Men and women are more alike than was at one time thought. | Getty Images

Q: I have been watching my grandson and his girlfriend for these past few years and the more that I see them the more that I wonder if the way in which the world is going is all that great.

My concerns are with gender roles, and who is to do what around the house.

It was relatively easy back in the day when we were raising our children. Charlie spent most of his days and evenings either in the barn or out on a field somewhere. He was too busy to spend much time with me and the kids. In fact he did nothing around the house.

Fast forward to my grandson and his girlfriend and I find myself taking stock of this super busy guy, changing diapers, feeding the kids, making supper, washing their clothes and often as not doing the nightly baths for the kids before soothing them to sleep. His wife does all that stuff too and I suspect that sometimes they are literally tripping over each other to get things done.

It is like chaos around their house. Why can’t they go back to the old ways, when moms were moms; the compassionate ones and the place where kids felt safe and secure?

We know that women are more compassionate than are men so why not let them be that way, nurturing their children and pouring the foundations of compassion to the well-being of all children? Maybe the old ways were not so bad. What do you think?

A: You and the Dalai Lama seem to have a lot in common. Both of you believe that women are generally more compassionate than men and that women should therefore be given more opportunities to show their support for others.

The problem is that I am not so sure that women are all that much different than men. Neurological psychologists, given two brains, one male and the other female, cannot tell which is the male brain and which is the female brain. They are very similar to each to other.

Given that our brains are fundamental to our cognitive processes, it would suggest that men and women are more similar to one another than they are different.

The same is true for compassion. Men and women are more alike than was at one time thought.
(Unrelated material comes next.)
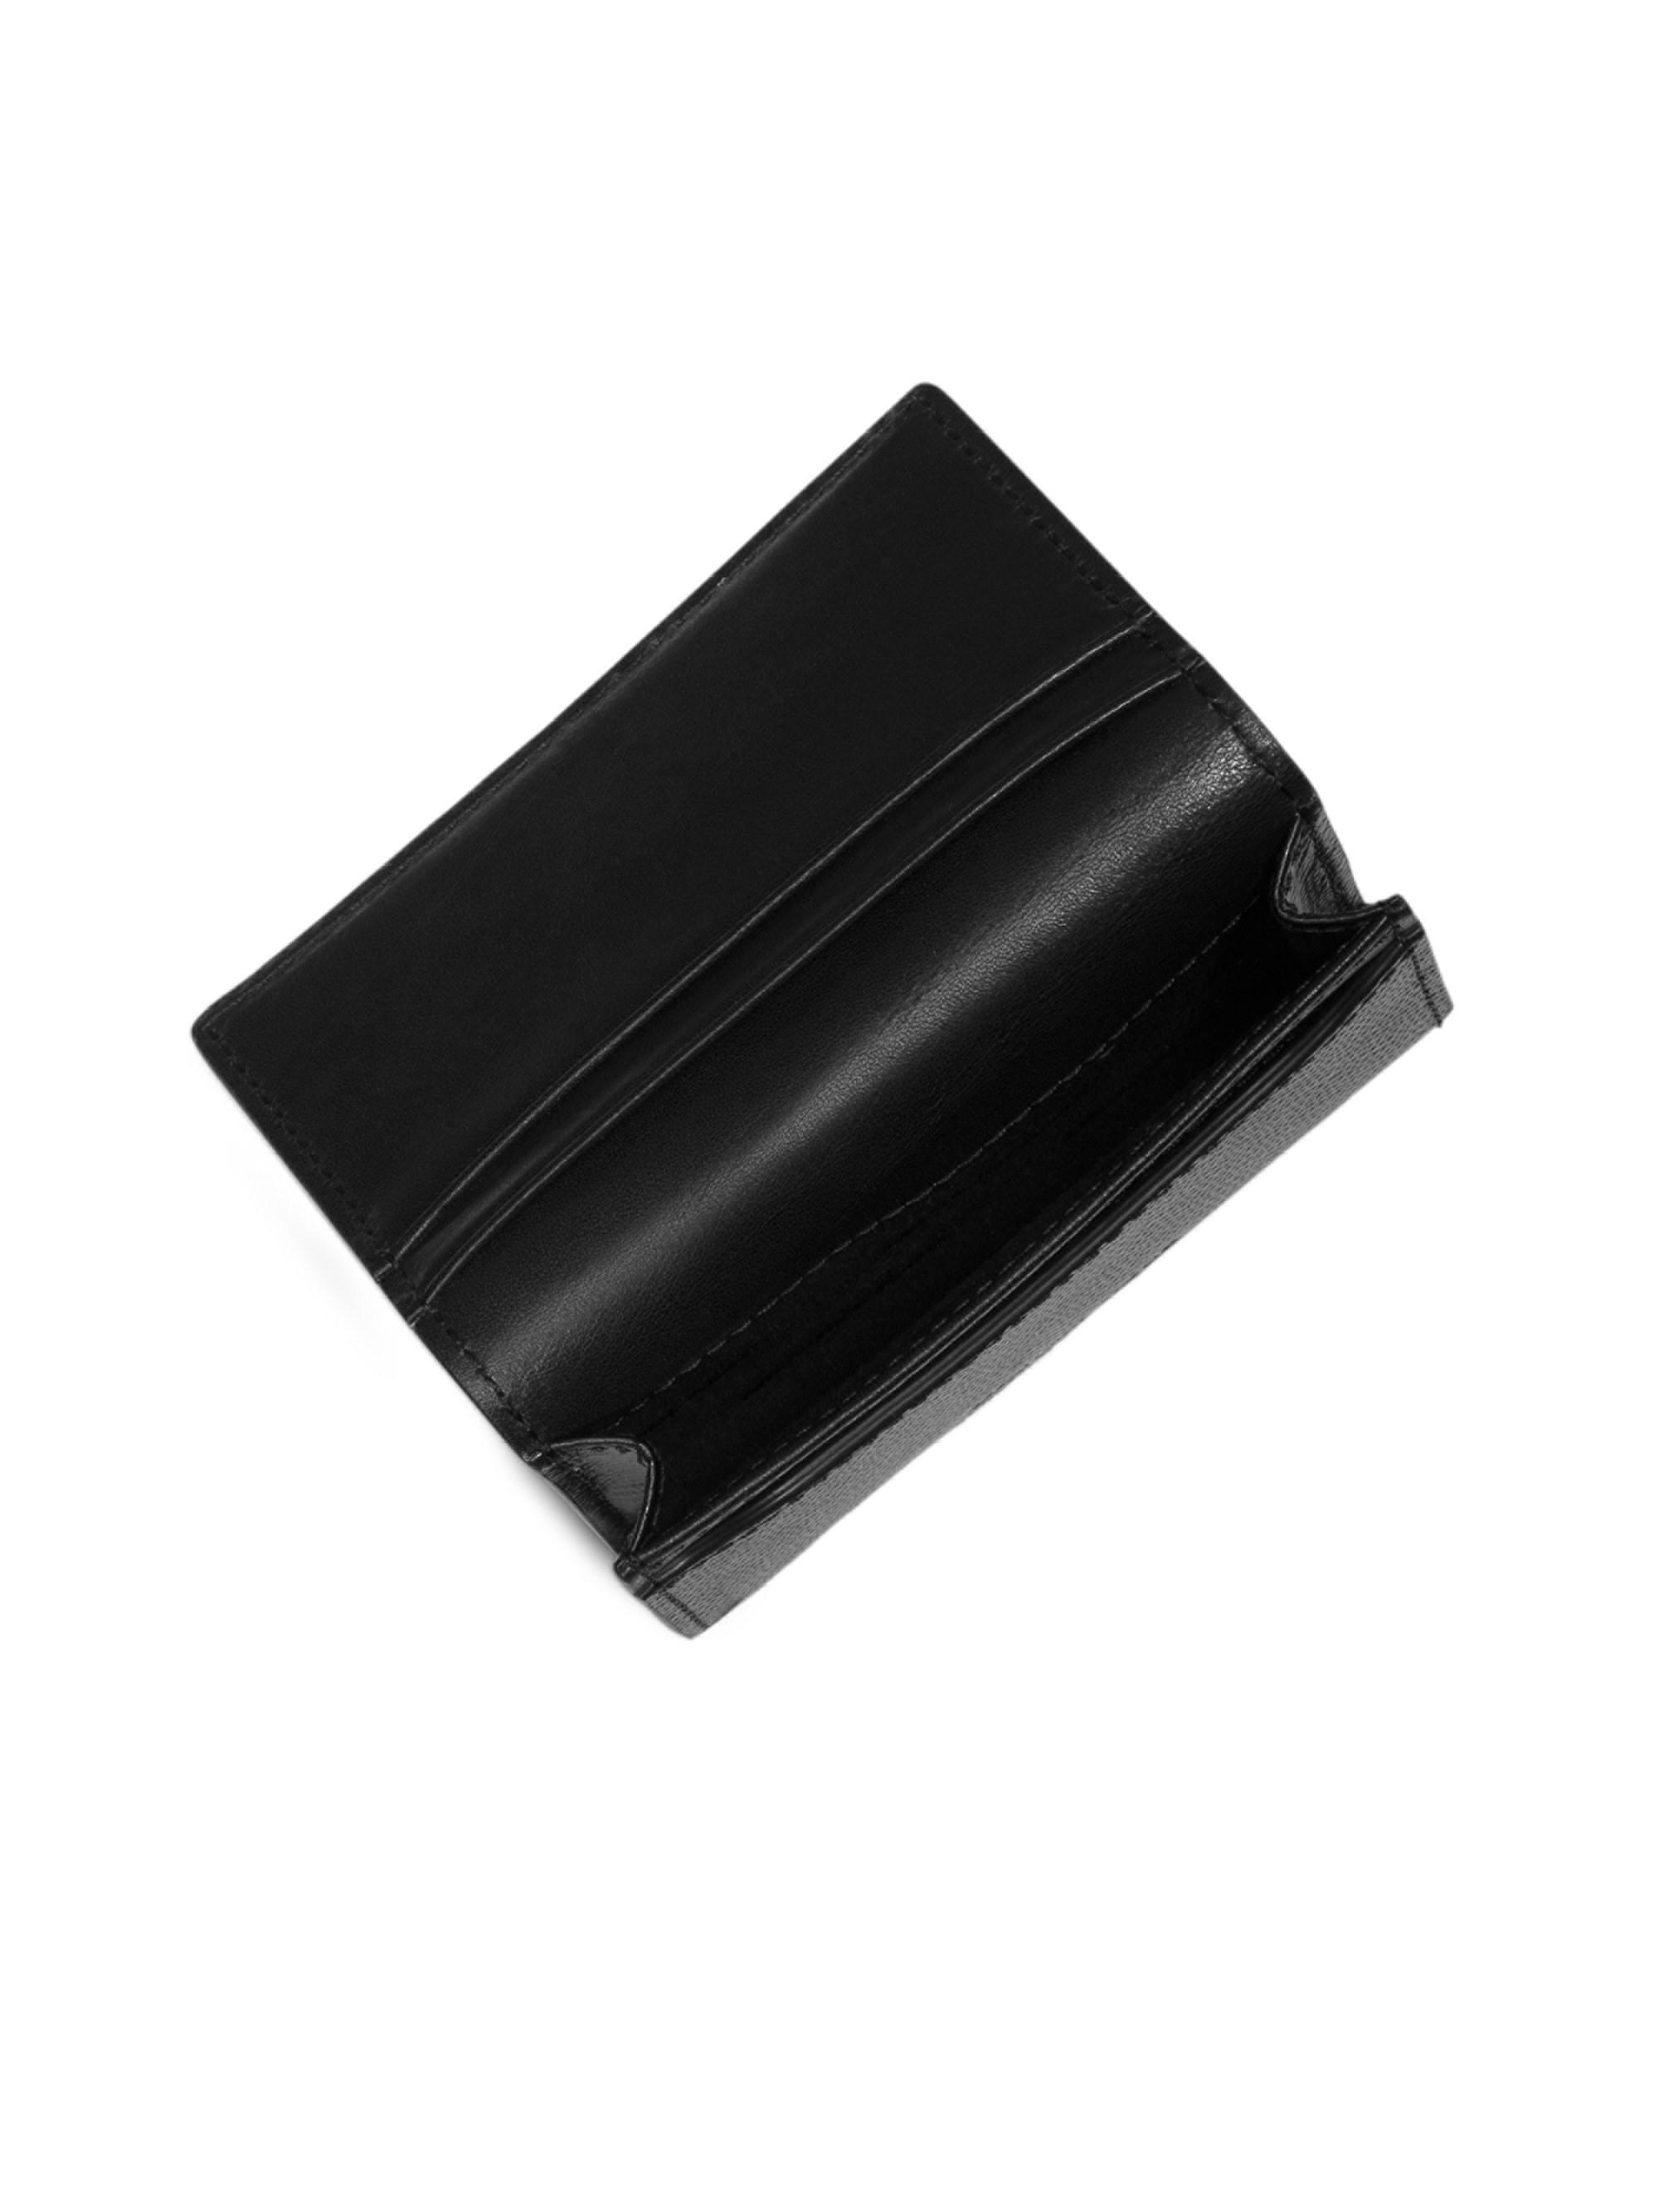 8a7b95c89bca Lyst - Michael Kors Harrison Business Card Holder in Black for Men

As a species, we survive by being sensitive to other people during difficult times. The more we support and encourage our neighbours, the better are our chances that they will be there for us when the tables have turned against our favour and we need help. Helping each other is a long tradition within the human species.

So what is different between men and women? Not that much. What is different, and which is being challenged by your son and his partner, are the ways in which they show compassion.

For years, women showed their compassion in the soothing tone of soft lullabies sung to those in distress. Men were the brazen ones, risking life and limb for the kitten stuck in the upper limb of a tree.

It is all drawn from compassion, but each is different.

The differences between men and women were drawn from things they learned growing up. Little boys were taught to be brazen, to not cry despite the pain, loneliness and sorrow. Little girls were taught to be loving and caring, to give out hugs and kisses, even if at times they did not feel terribly compassionate. But these were artificial distinctions and they needed to be challenged.

Your son and his partner are doing this; they are challenging their traditions. They are teaching their kids to be brazen because they feel brazen, not because they happen to be male.

They are teaching their children to be soothing, not because they are female but because they are calming and supportive people despite their genders. This is great. It means that as your grandchildren grow up, they will become the persons they were intended to become, not that which a social norm dictated.

What wonderful people they are going to be. Perhaps life is a little more confusing at the moment, but are you ever in for a treat with some super grandkids as the tide unfolds.